Tutorial for Building and Reverse Engineering Simple Virtual Machine Protection
The virtual machine protection refers to the kind of software protection technology by which the original executable and readable code are translated into a string of pseudo-code byte stream, and a virtual machine is embedded into the program to interpret and execute that pseudo-code byte stream. The difference between virtual machine protection technology and the other virtual machine technology, such as Java Virtual Machine, is that virtual machine protection technology is designed for software protection and uses a custom instruction set.
There are some famous commercial virtual machine protection products, such as VMProtect, Themida, etc., but all of them are too complex to analyze. To illustrate the software protection technology, we turn to build a simple virtual machine project. Although this project is far from the commercial products, it is enough for building a CrackMe.

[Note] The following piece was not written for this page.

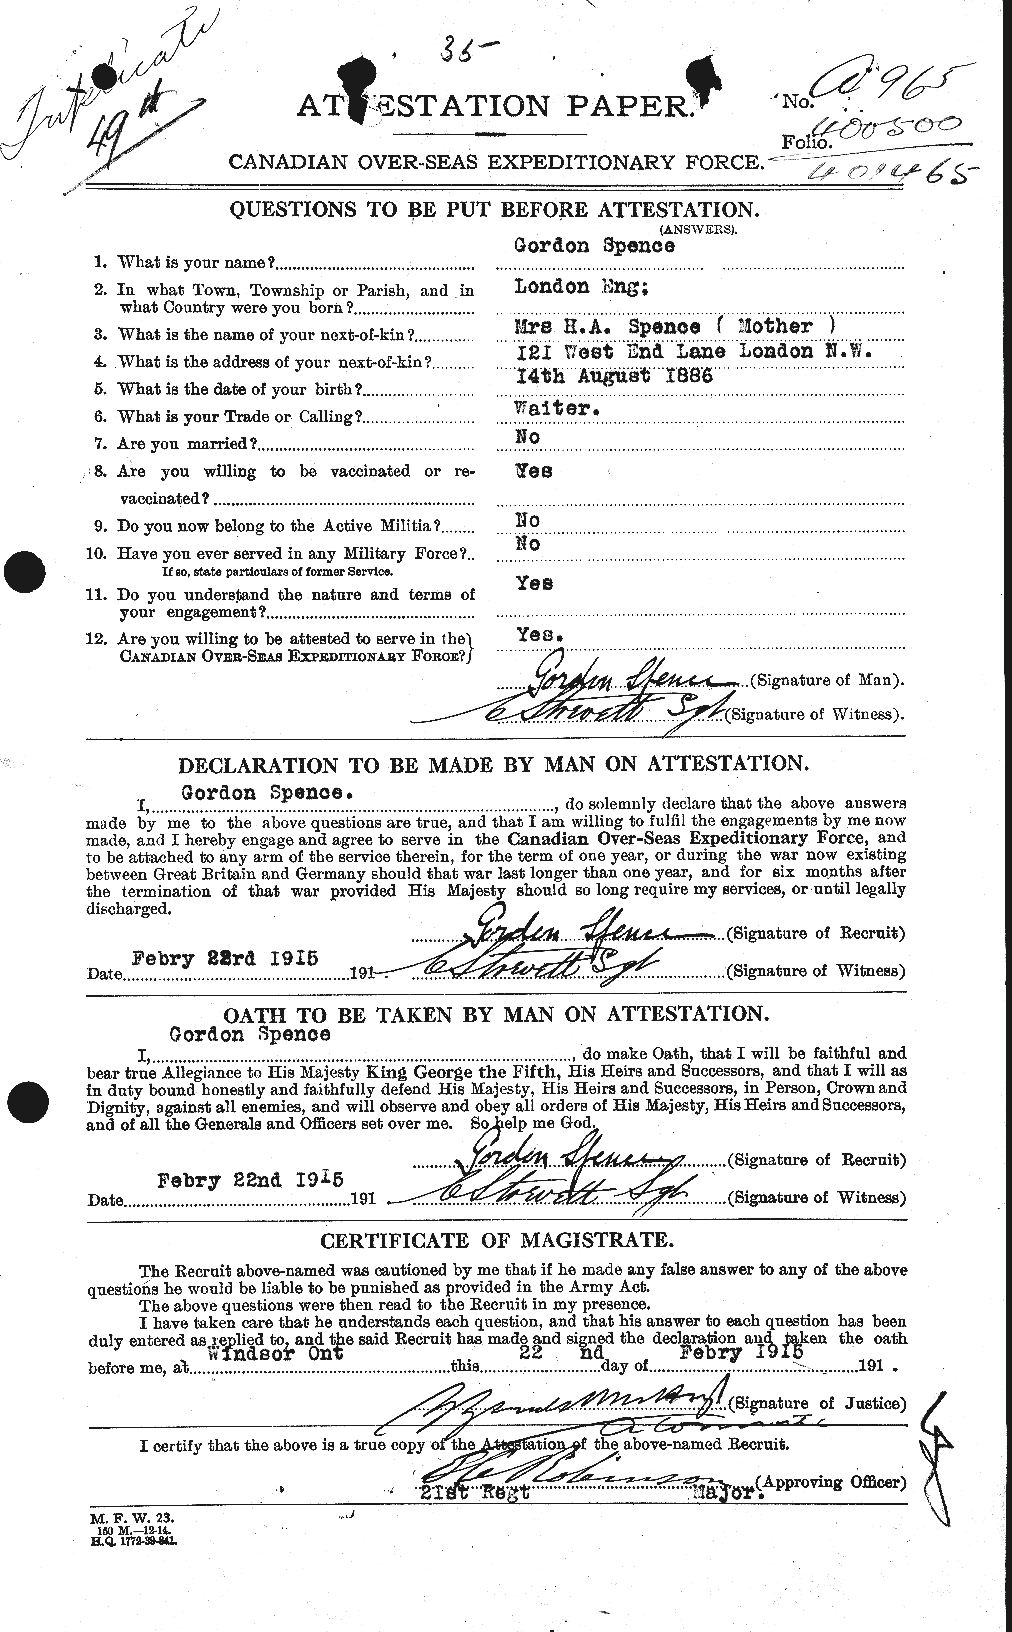 Personnel Records of the First World War - CEF 621318a

By the way, GitHub is a fantastic site, and we have found a perfect source code written by NWMonster. The rest of this paper is organized as follows: the CrackMe built by NWMonster’s source code is reverse engineered in section 2, and source code is introduced in section 3, and we summarize this paper in section 4.
2. Reverse Analysis
Before we reverse engineer this CrackMe, there are something that we need to understand. The flowchart of a simple virtual machine protection is shown in the following figure:
In this figure, VM_code represents the pseudo-code byte stream, and VM_register simulates the general registers of CPU. In the one run of VM_loop, the virtual machine will run the specific VM_handler according to the VM_code read in Loop head. To reverse engineer a simple virtual machine protection, we need to figure out the meaning of every VM_handler, and thus grasp the main idea of the origin program, which is protected by the virtual machine.

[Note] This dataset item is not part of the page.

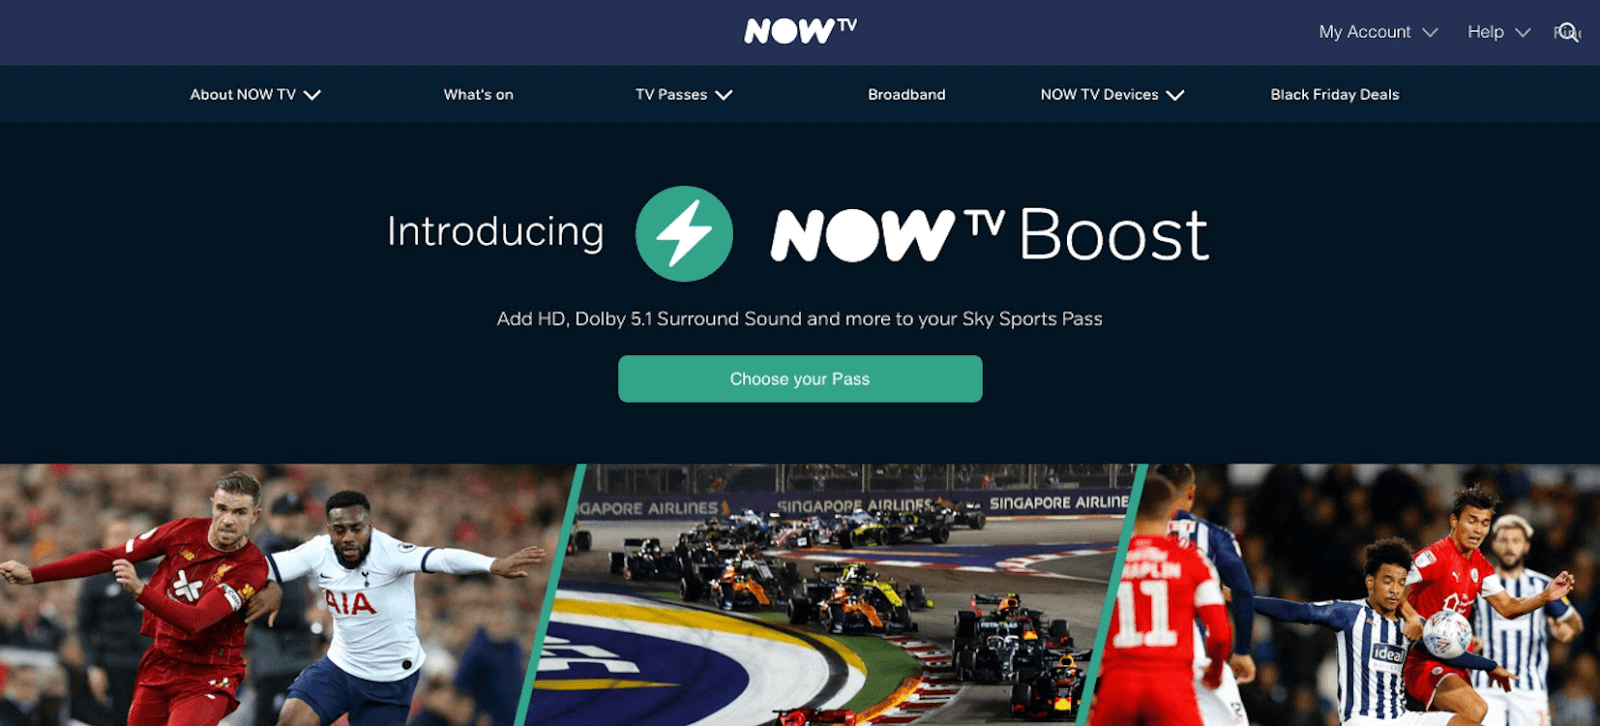 Now TV - Sports Pass + Boost

Pay attention that this flowchart does NOT apply to commercial virtual machine protection products because this flowchart is too simple.
From now on, let’s begin our reverse engineering. Usually, OllyDbg (OD) is used to trace out the VM_loop, but this time we use IDA because the graphic view of IDA is much clearer. To make it easy for our discussion, we rebuild the source code to run in x86 Windows environment with debug version. All the materials will be uploaded to GitHub for the readers who need them.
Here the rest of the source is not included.